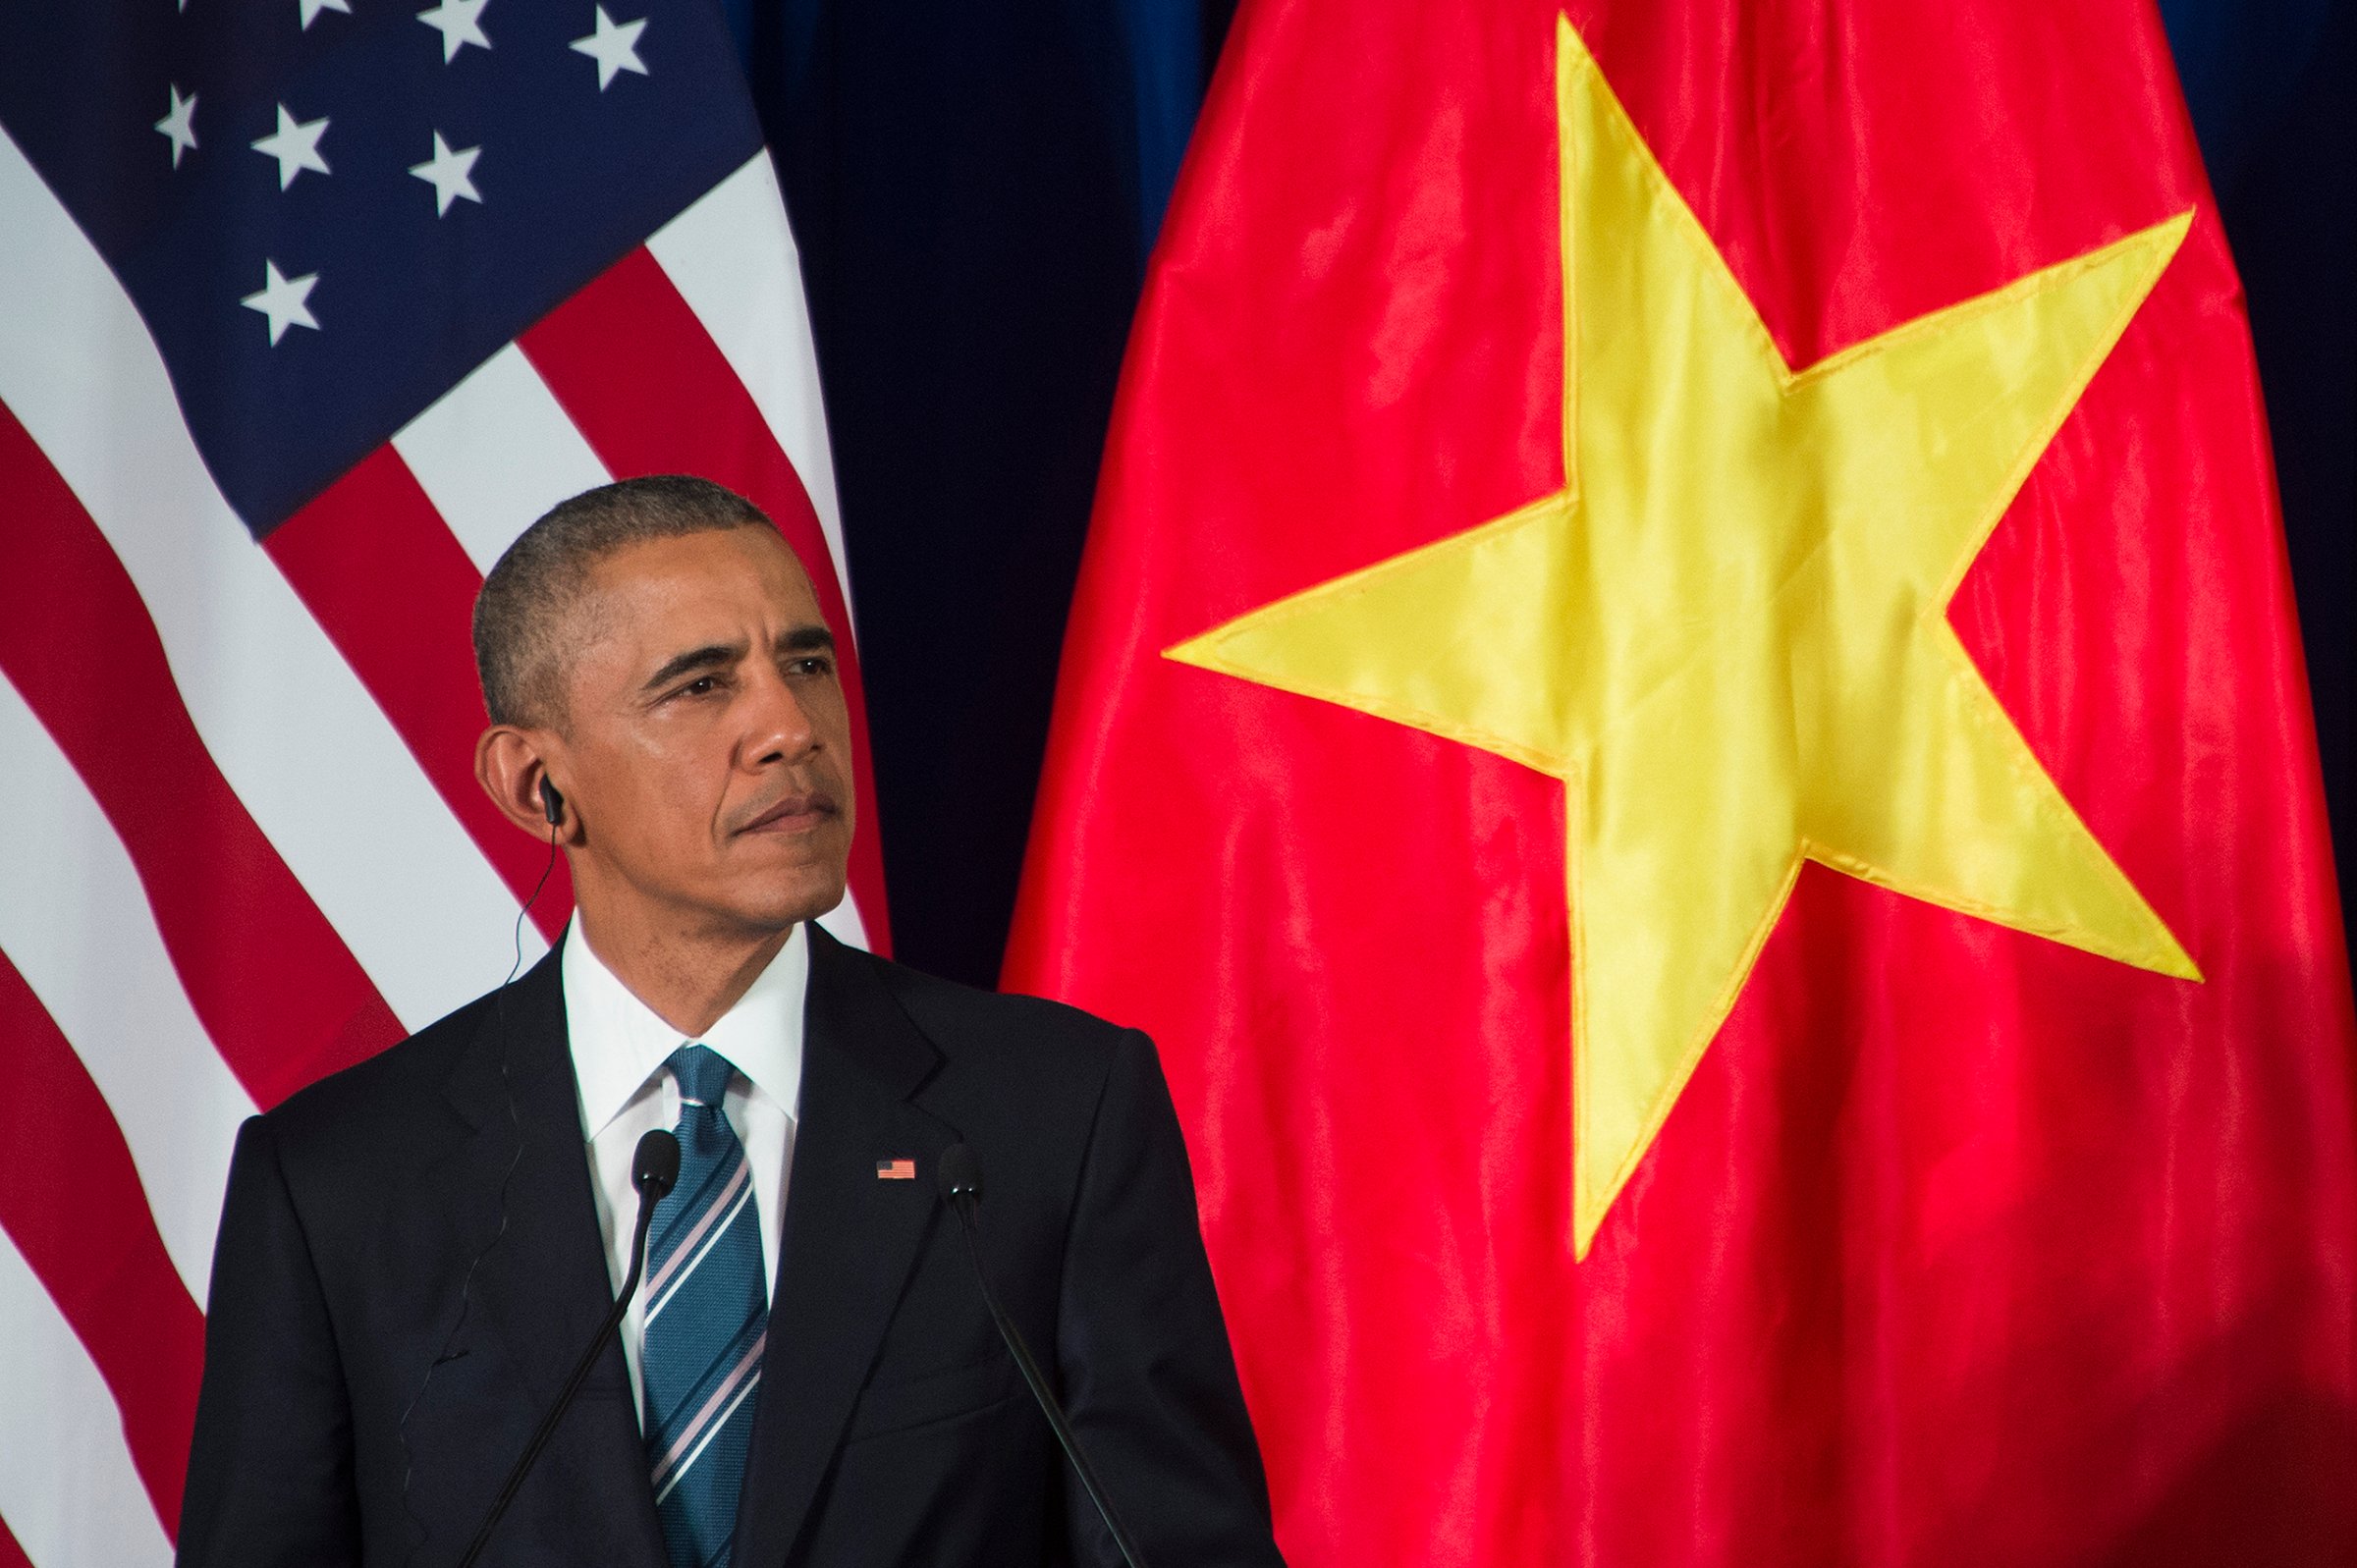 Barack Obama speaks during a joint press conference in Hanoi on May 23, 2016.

...

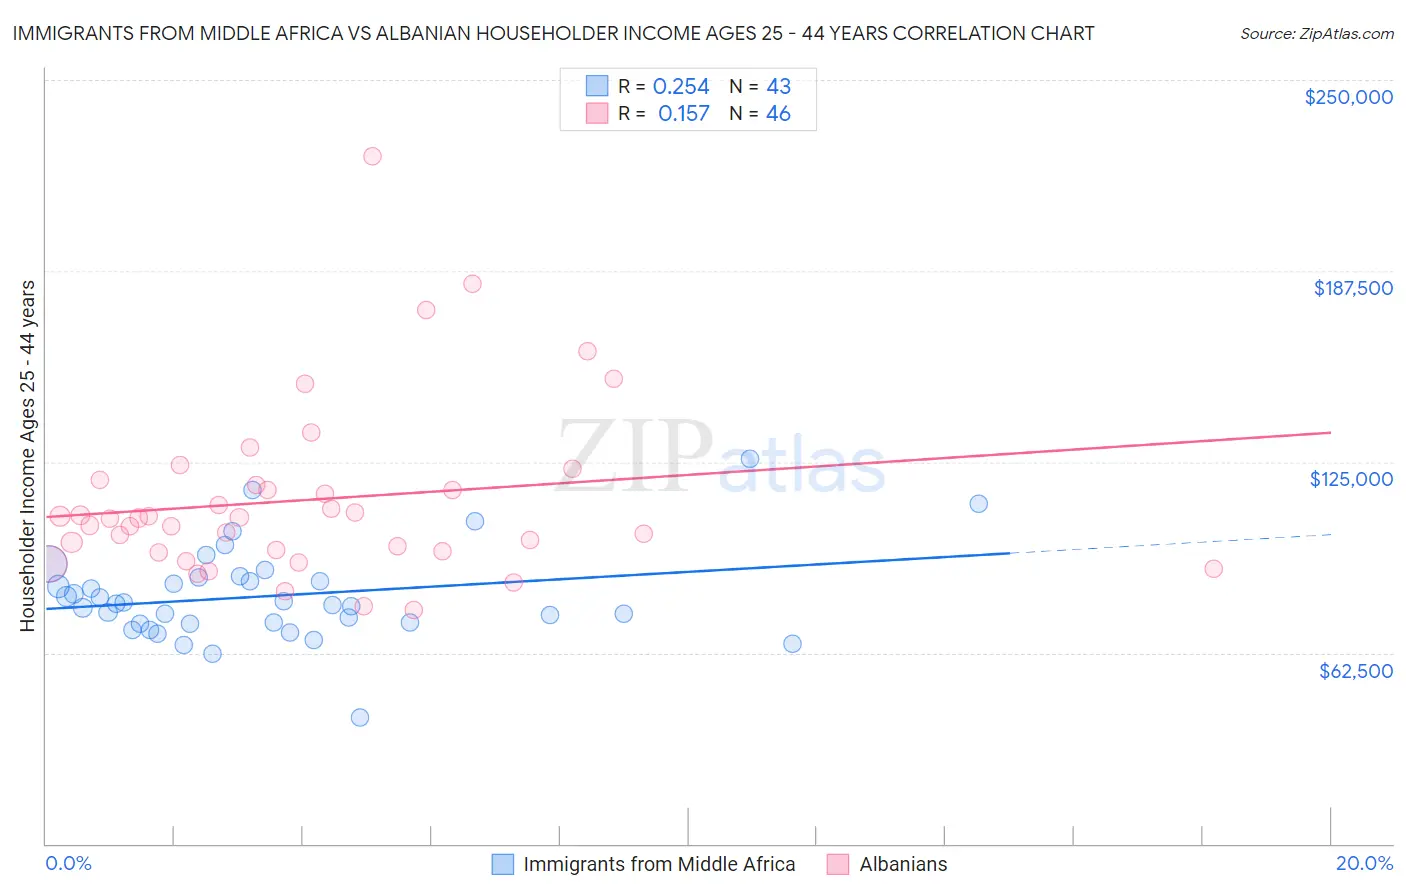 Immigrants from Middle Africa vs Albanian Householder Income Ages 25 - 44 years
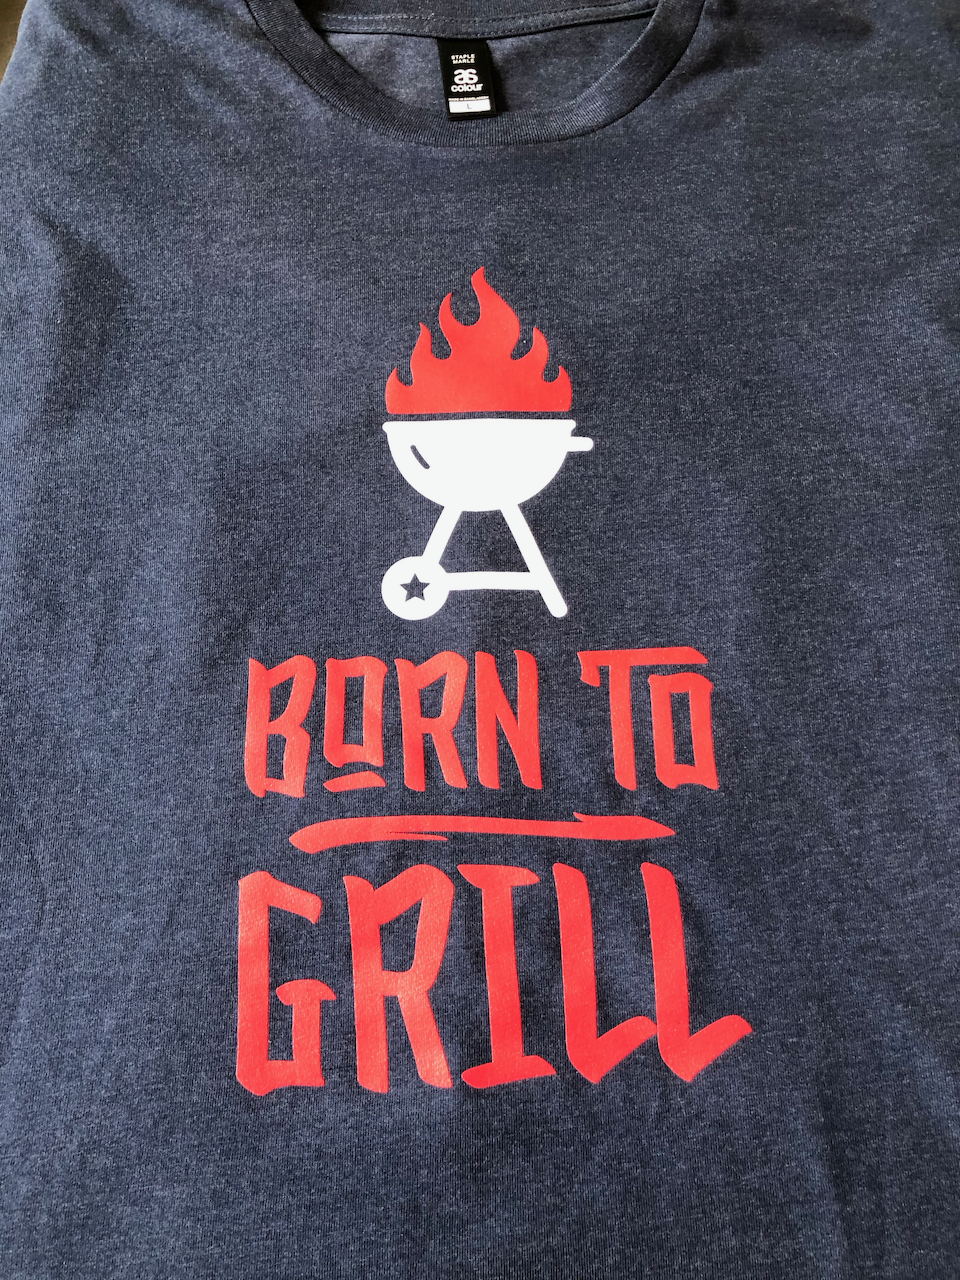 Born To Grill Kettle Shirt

- **Your assignment**:
Give again, exactly as written above, each line from the one that has "Immigrants from Middle" to the one that has "Born To Grill Kettle Shirt", both included; omit the pictures.

- **Exercise solution**:
 Immigrants from Middle Africa vs Albanian Householder Income Ages 25 - 44 years
 Born To Grill Kettle Shirt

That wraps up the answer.